CPU vs GPU vs TPU
Contents
CPU vs GPU vs TPU#
Additional Reads:
According to John Henssey, father of modern computer, we are almost at an end of Moores’s law. End of exponential growth in CPU and he suggested domain specific software as the solution.

How does a CPU work?#
The CPU is a general purpose processor based on the von Neumann architecture. The greatest benefit of CPU is its flexibility. With its Von Neumann architecture, you can load any kind of software for millions of different applications. You could use a CPU for word processing in a PC, controlling rocket engines, executing bank transactions, or classifying images with a neural network.
But, because the CPU is so flexible, the hardware doesn’t always know what would be next calculation until it reads the next instruction from the software. A CPU has to store the calculation results on memory inside CPU (so called registers or L1 cache) for every single calculation. This memory access becomes the downside of CPU architecture called the von Neumann bottleneck. Even though the huge scale of neural network calculations means that these future steps are entirely predictable, each CPU’s Arithmetic Logic Units (ALU, the component that holds and controls multipliers and adders) executes them one by one, accessing the memory every time, limiting the total throughput and consuming significant energy.

von Neumann Architecture#
Since memory and the CPU are separated in this architecture, the performance of the system is often limited by the speed of accessing memory. Historically, the memory access speed is orders of magnitude slower than the actual processing speed, creating a bottleneck in the system performance.
Furthermore, the physical movement of data consumes a significant amount of energy due to interconnect parasitics. In given situations, it has been observed that the physical movement of data from memory can consume up to 500 times more energy than the actual processing of that data. This trend is only expected to worsen as chips scale.
How does a GPU work?#
To gain higher throughput than a CPU, a GPU uses a simple strategy: why not have thousands of ALUs in a processor? The modern GPU usually has 2,500–5,000 ALUs in a single processor that means you could execute thousands of multiplications and additions simultaneously.
This GPU architecture works well on applications with massive parallelism, such as matrix multiplication in a neural network. Actually, you would see order of magnitude higher throughput than CPU on typical training workload for deep learning. This is why the GPU is the most popular processor architecture used in deep learning at time of writing.
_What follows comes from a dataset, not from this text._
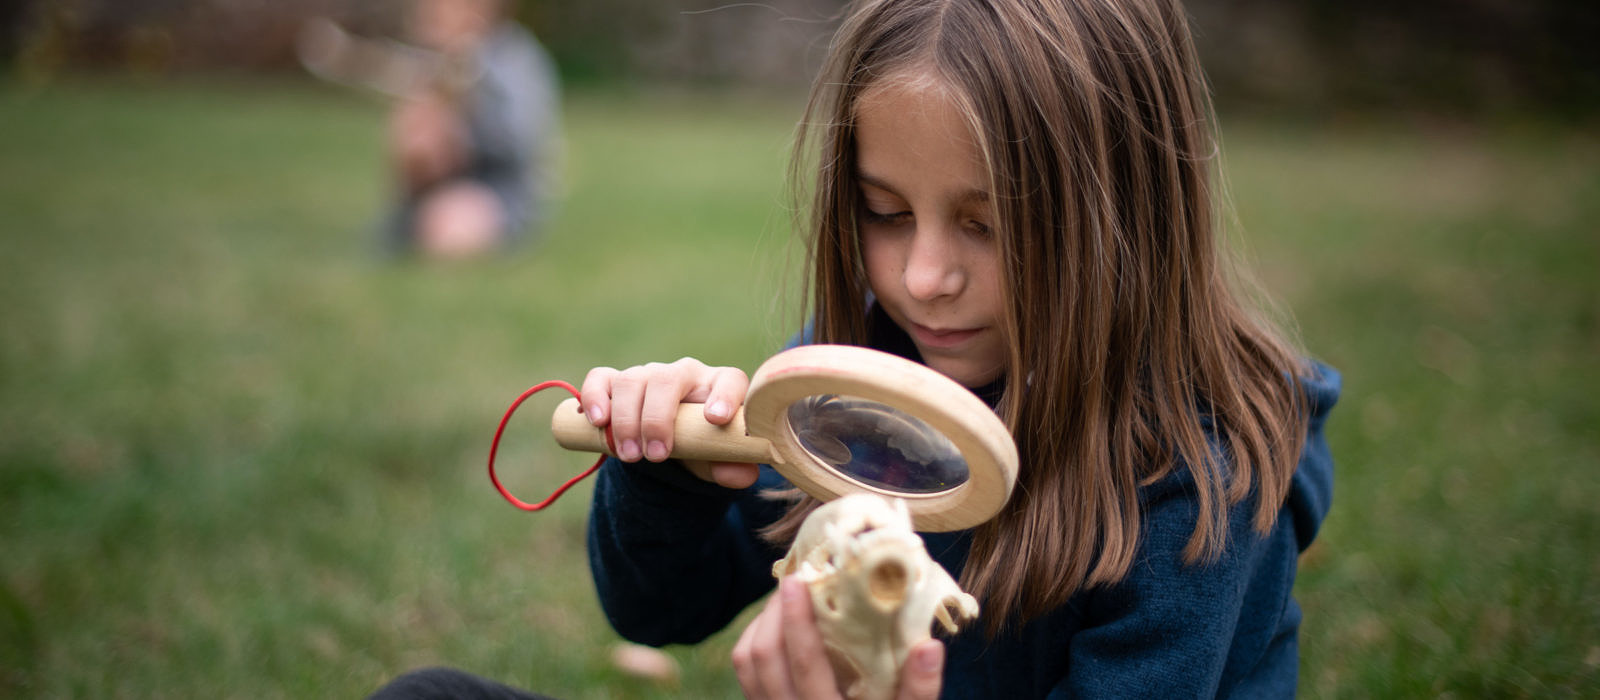 A girl uses a magnifying glass to look closely at an animal skull. (photo © Ben Conant)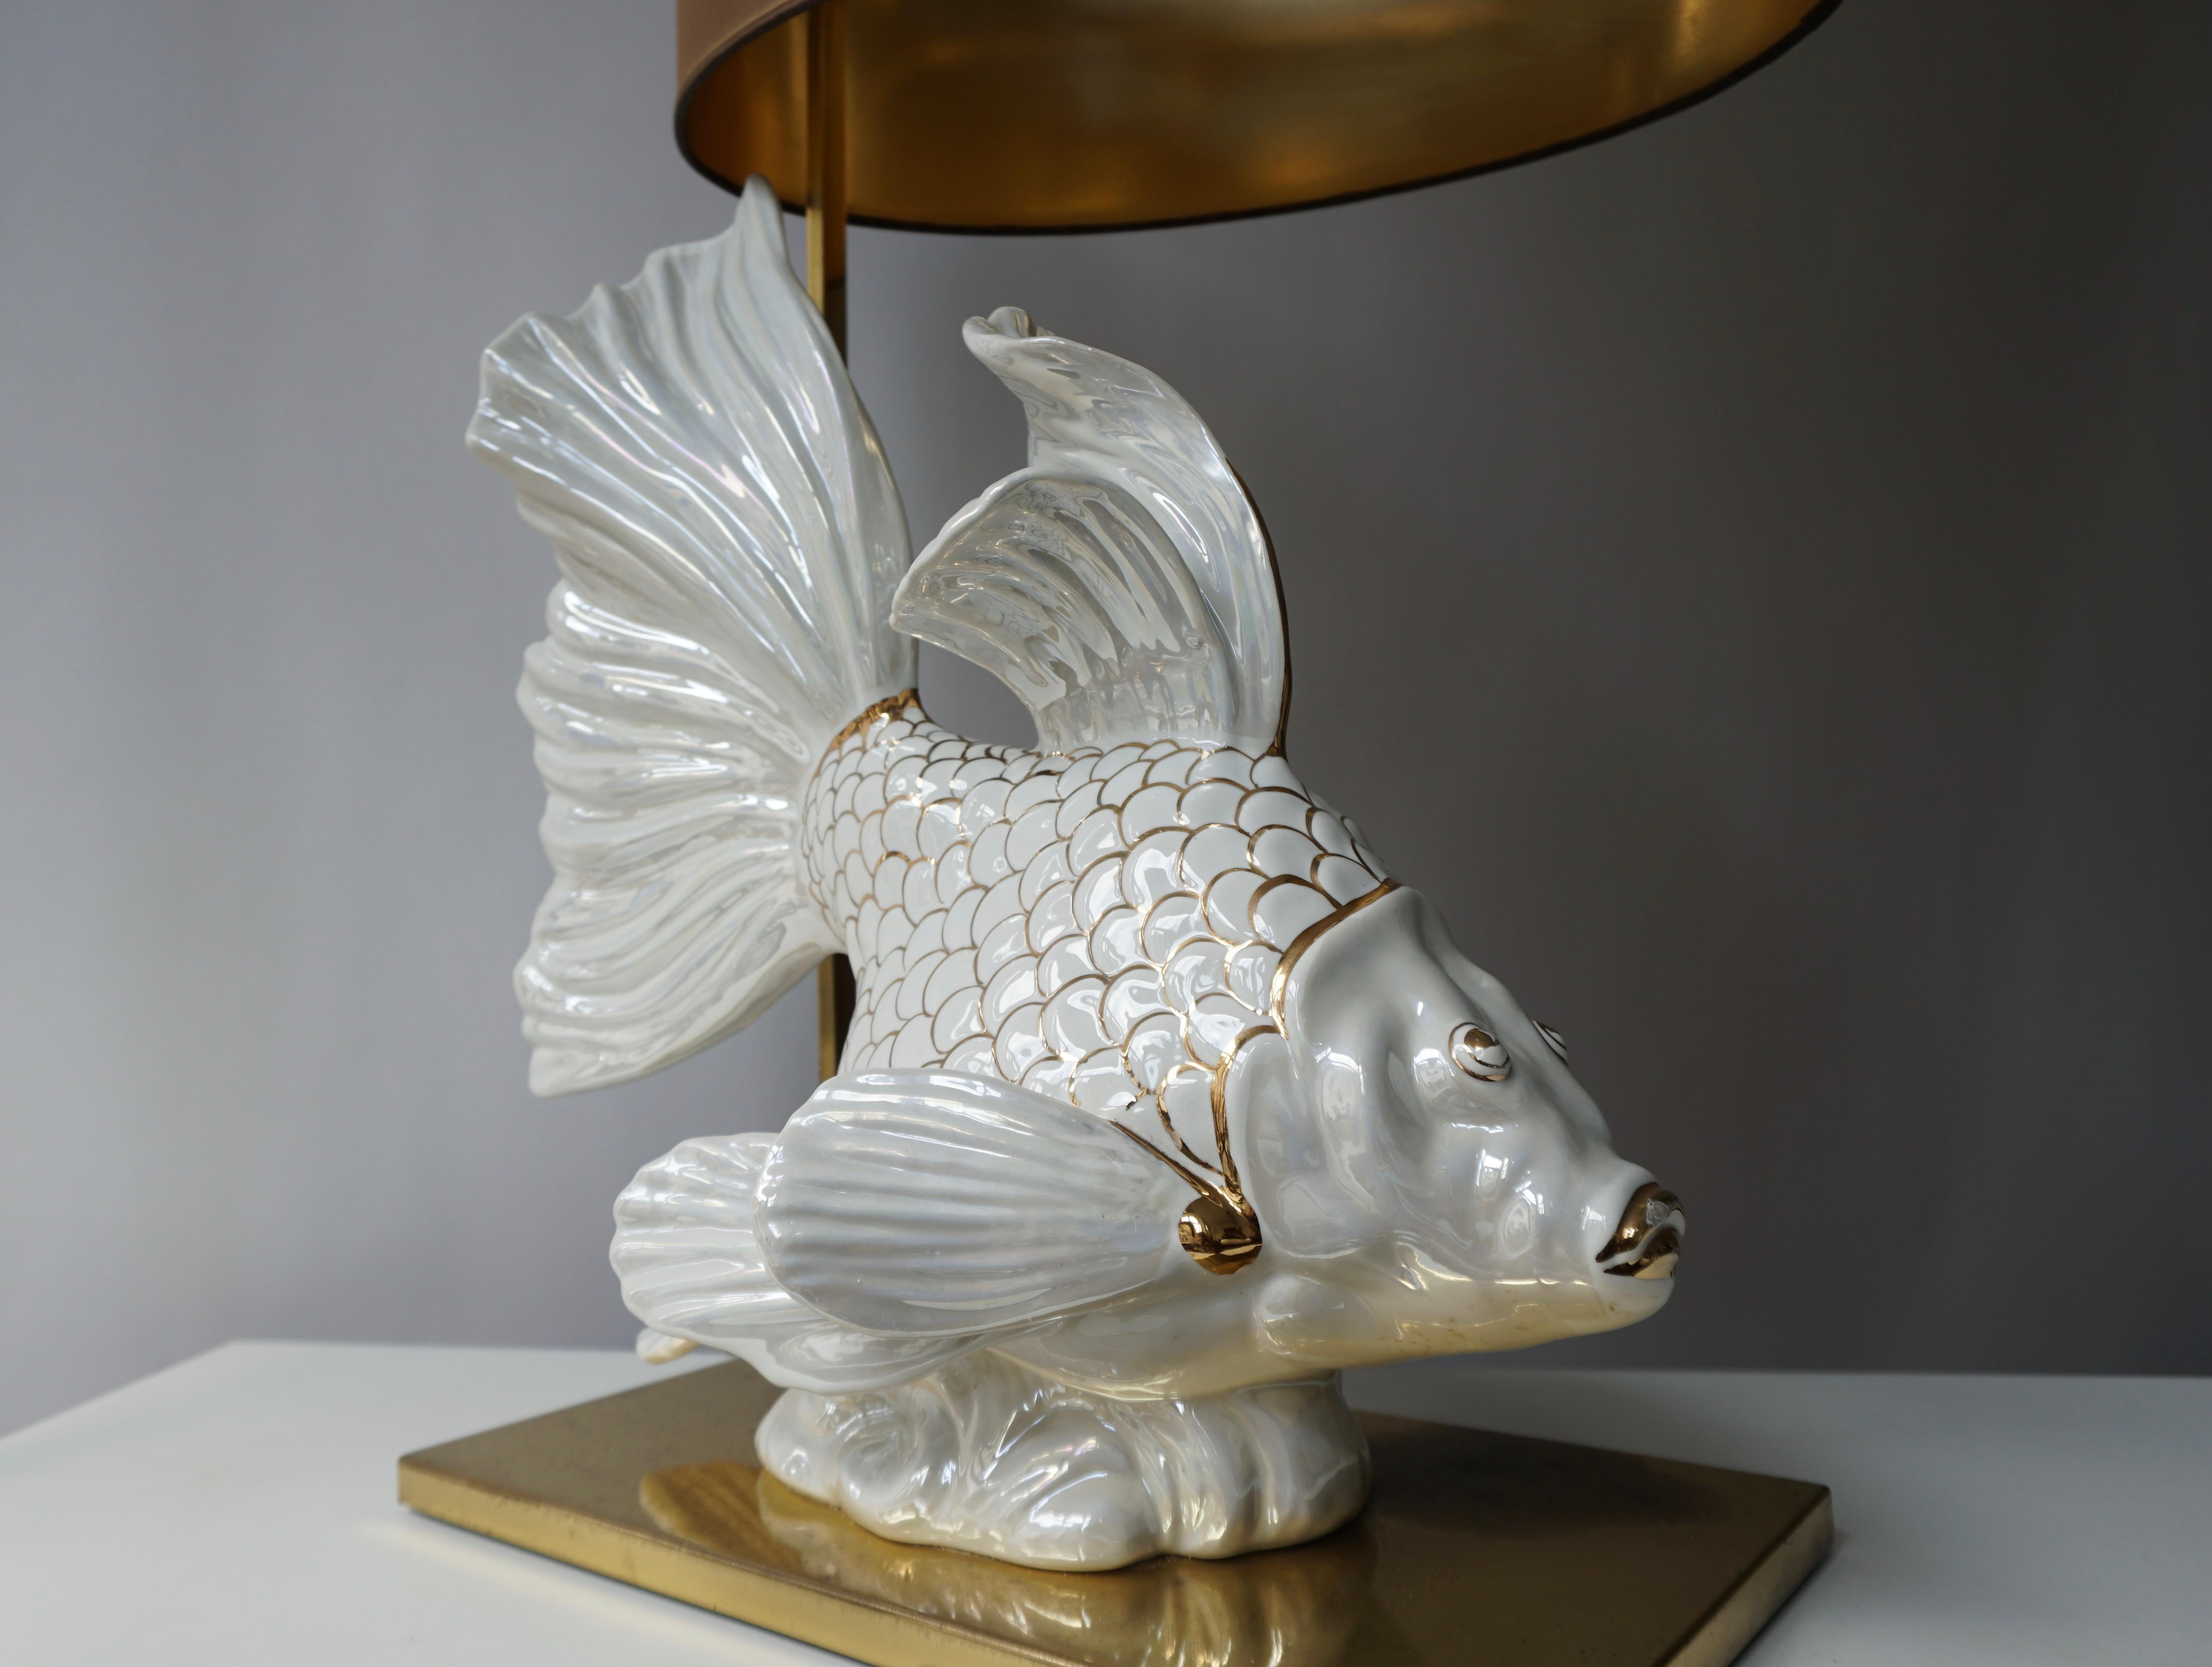 Gilt Italian Midcentury Big Ceramic Fish Lamp with Brass Details, 1970s For Sale

But, the GPU is still a general purpose processor that has to support millions of different applications and software. This leads back to our fundamental problem, the von Neumann bottleneck. For every single calculation in the thousands of ALUs, GPU need to access registers or shared memory to read and store the intermediate calculation results. Because the GPU performs more parallel calculations on its thousands of ALUs, it also spends proportionally more energy accessing memory and also increases footprint of GPU for complex wiring.
How does a TPU work?#
When Google designed the TPU, we built a domain-specific architecture. That means, instead of designing a general purpose processor, we designed it as a matrix processor specialized for neural network work loads. TPUs can’t run word processors, control rocket engines, or execute bank transactions, but they can handle the massive multiplications and additions for neural networks, at blazingly fast speeds while consuming much less power and inside a smaller physical footprint.
The key enabler is a major reduction of the von Neumann bottleneck. Because the primary task for this processor is matrix processing, hardware designer of the TPU knew every calculation step to perform that operation. So they were able to place thousands of multipliers and adders and connect them to each other directly to form a large physical matrix of those operators. This is called systolic array architecture. In case of Cloud TPU v2, there are two systolic arrays of 128 x 128, aggregating 32,768 ALUs for 16 bit floating point values in a single processor.
Let’s see how a systolic array executes the neural network calculations. At first, TPU loads the parameters from memory into the matrix of multipliers and adders.
Then, the TPU loads data from memory. As each multiplication is executed, the result will be passed to next multipliers while taking summation at the same time. So the output will be the summation of all multiplication result between data and parameters. During the whole process of massive calculations and data passing, no memory access is required at all.
This is why the TPU can achieve a high computational throughput on neural network calculations with much less power consumption and smaller footprint.